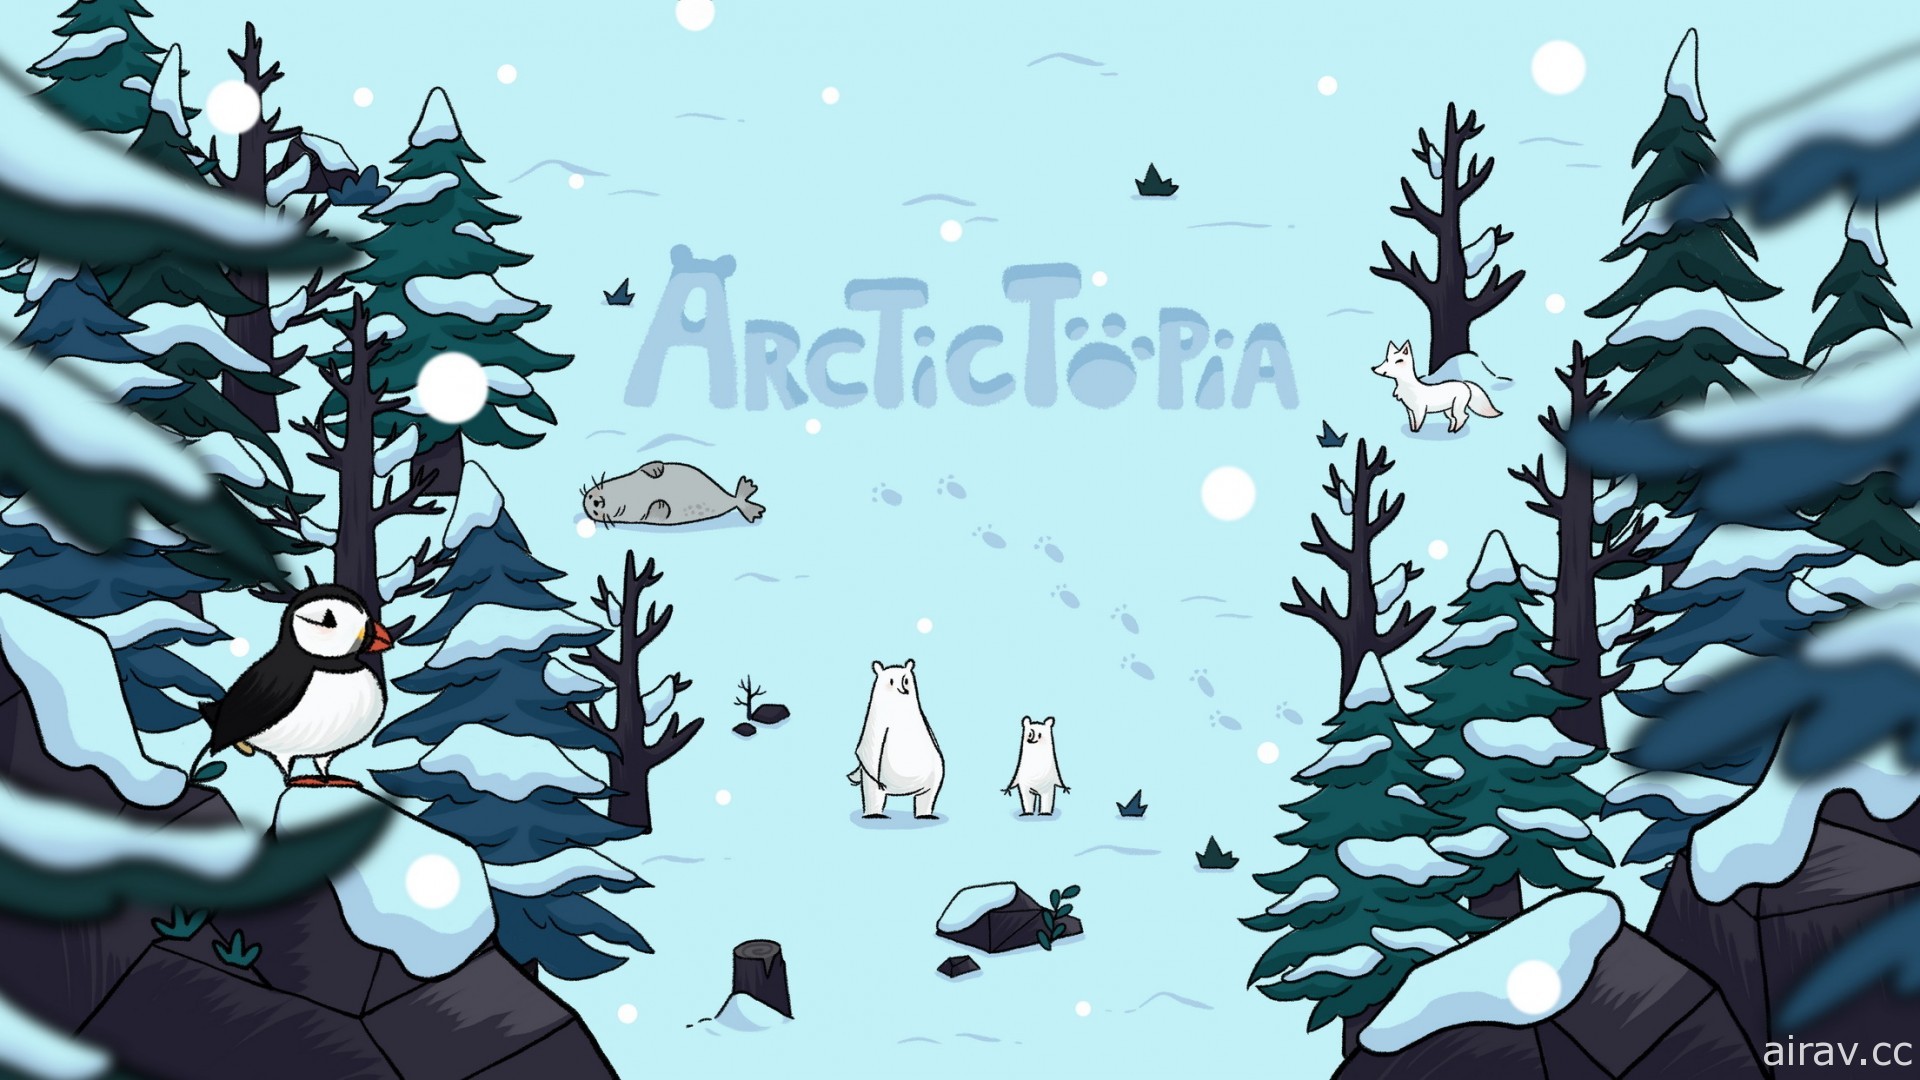 益智解謎遊戲《極地樂園 Arctictopia》PC 版 8 月問世
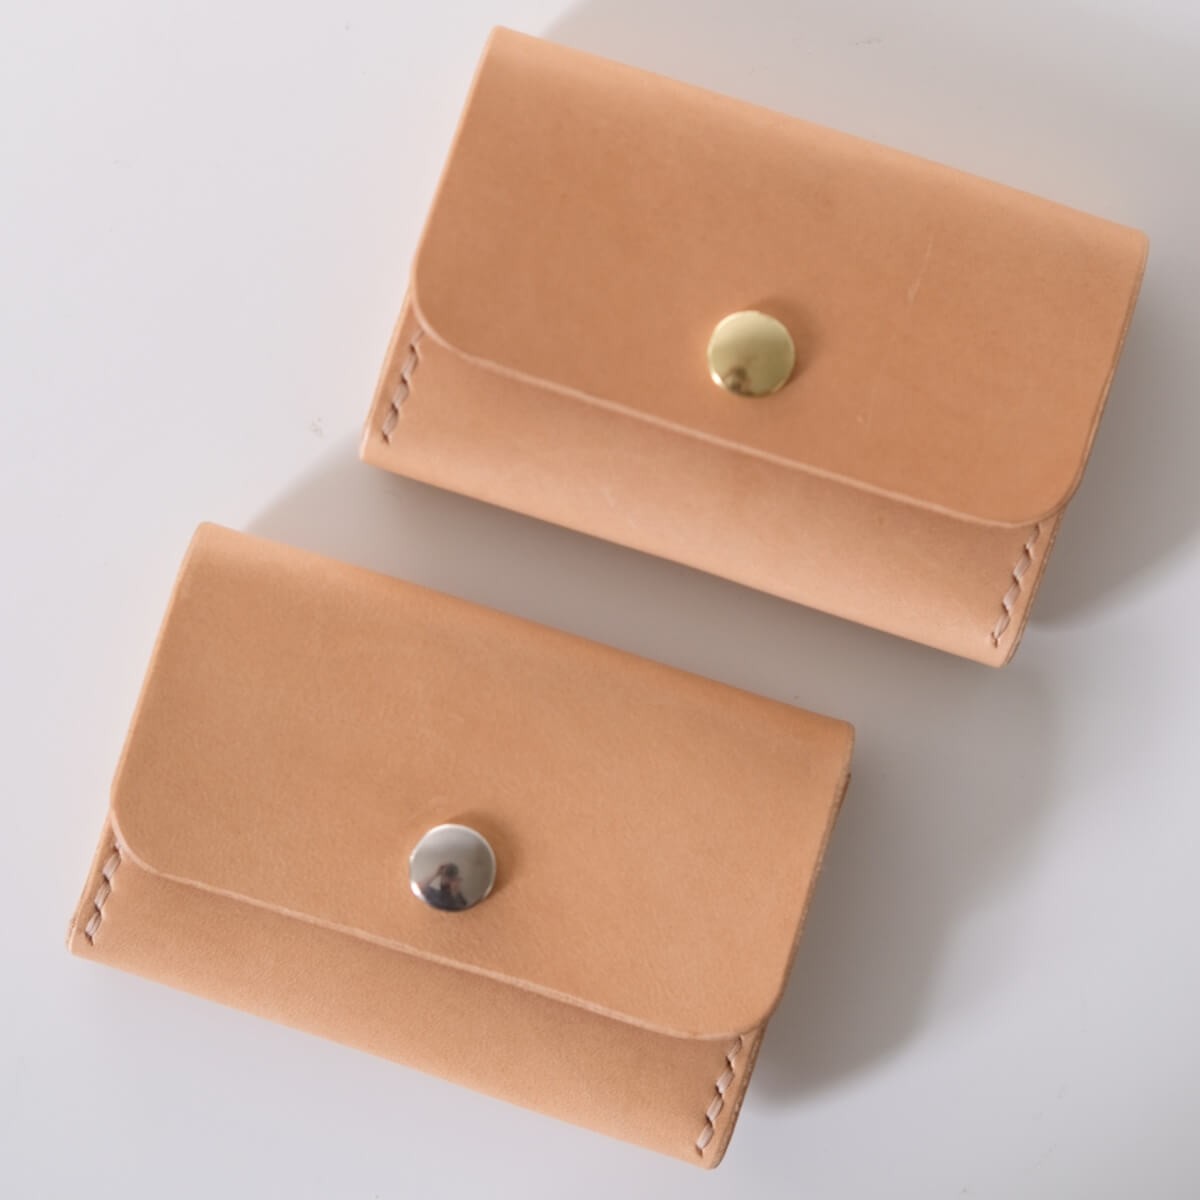 Pocket Wallet, natural // kleine Geldbörse mit Münzfach // pflanzlich gegerbtes Leder // SCHEERER MANUFAKTUR
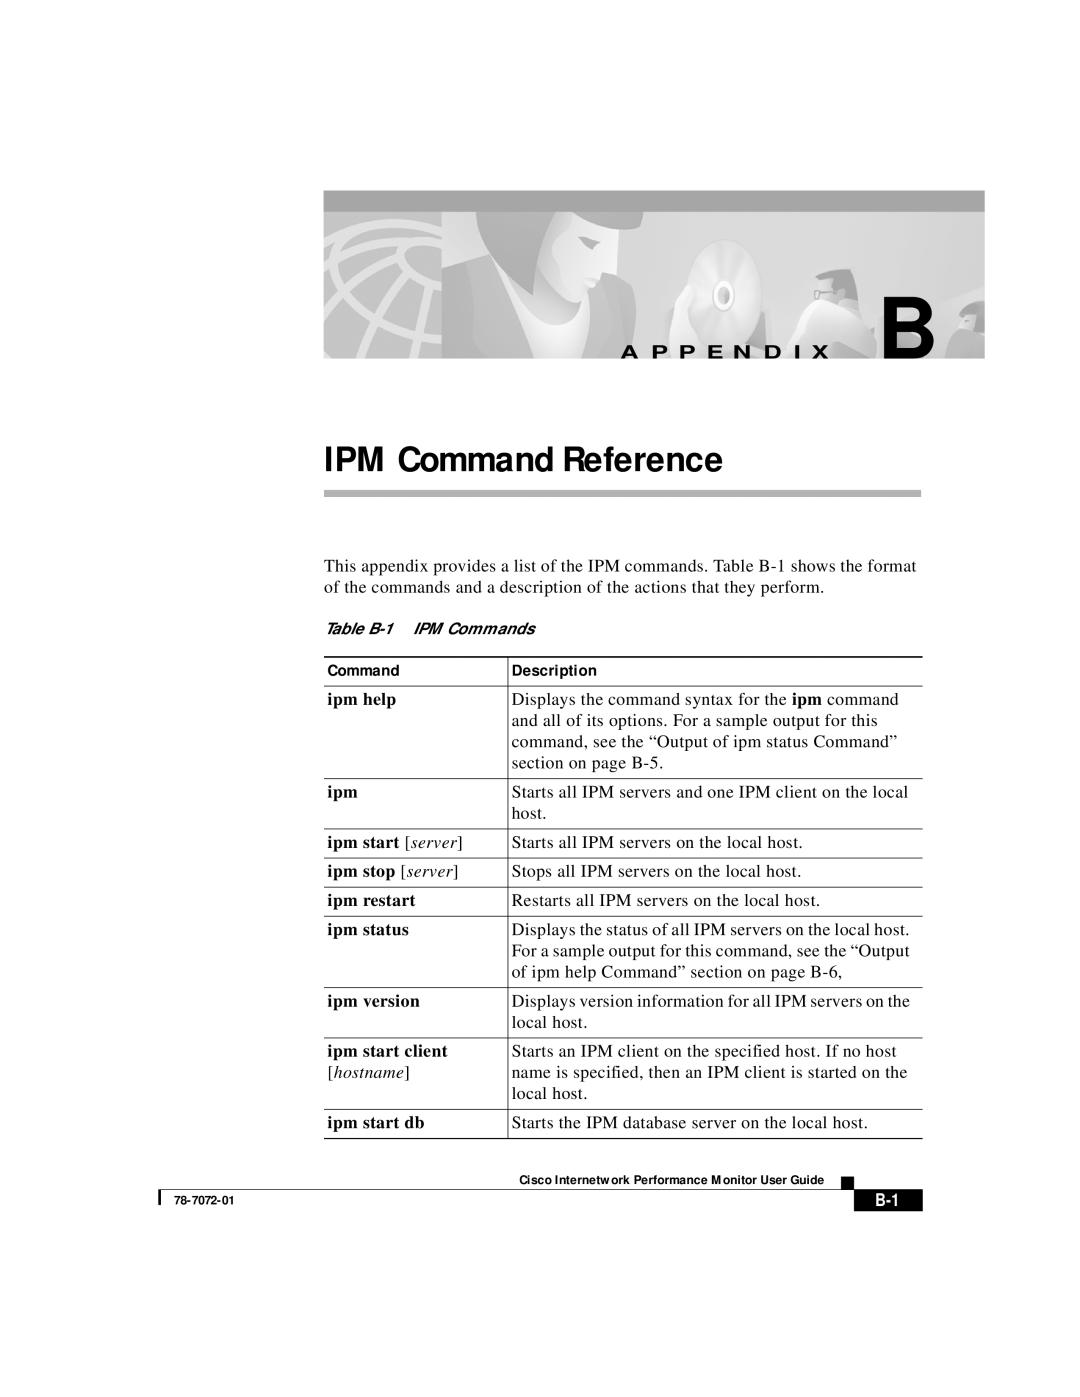 3Com 78-7072-01 appendix Description, IPM Command Reference, A P P E N D I X B 
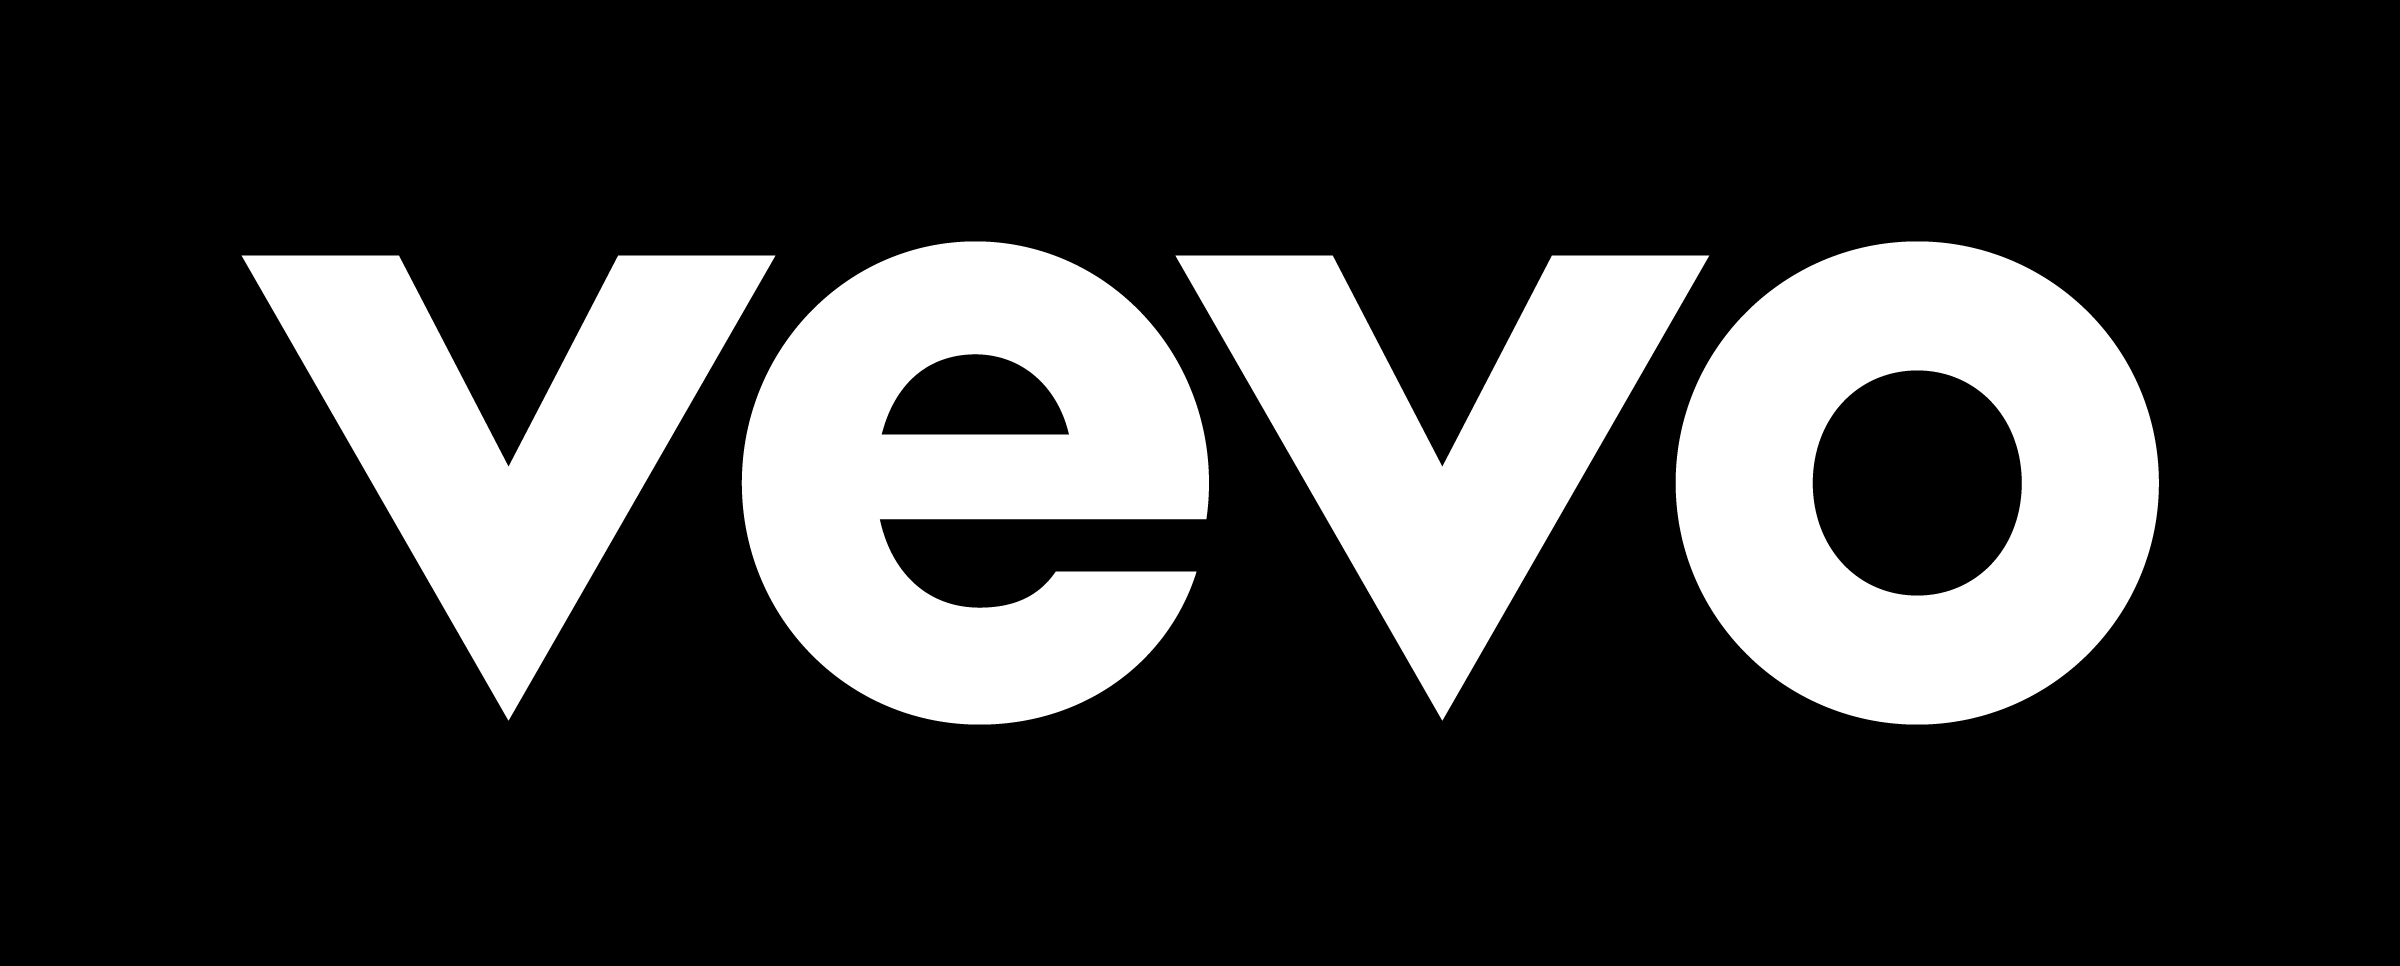 Vevo Logo - Brand

....

TASK REQUIREMENTS => Word for word, restate the whole listing and drop the images.

OUTPUT OF THE TASK =>
 益智解謎遊戲《極地樂園 Arctictopia》PC 版 8 月問世
 Pocket Wallet, natural // kleine Geldbörse mit Münzfach // pflanzlich gegerbtes Leder // SCHEERER MANUFAKTUR
 3Com 78-7072-01 appendix Description, IPM Command Reference, A P P E N D I X B 
 Vevo Logo - Brand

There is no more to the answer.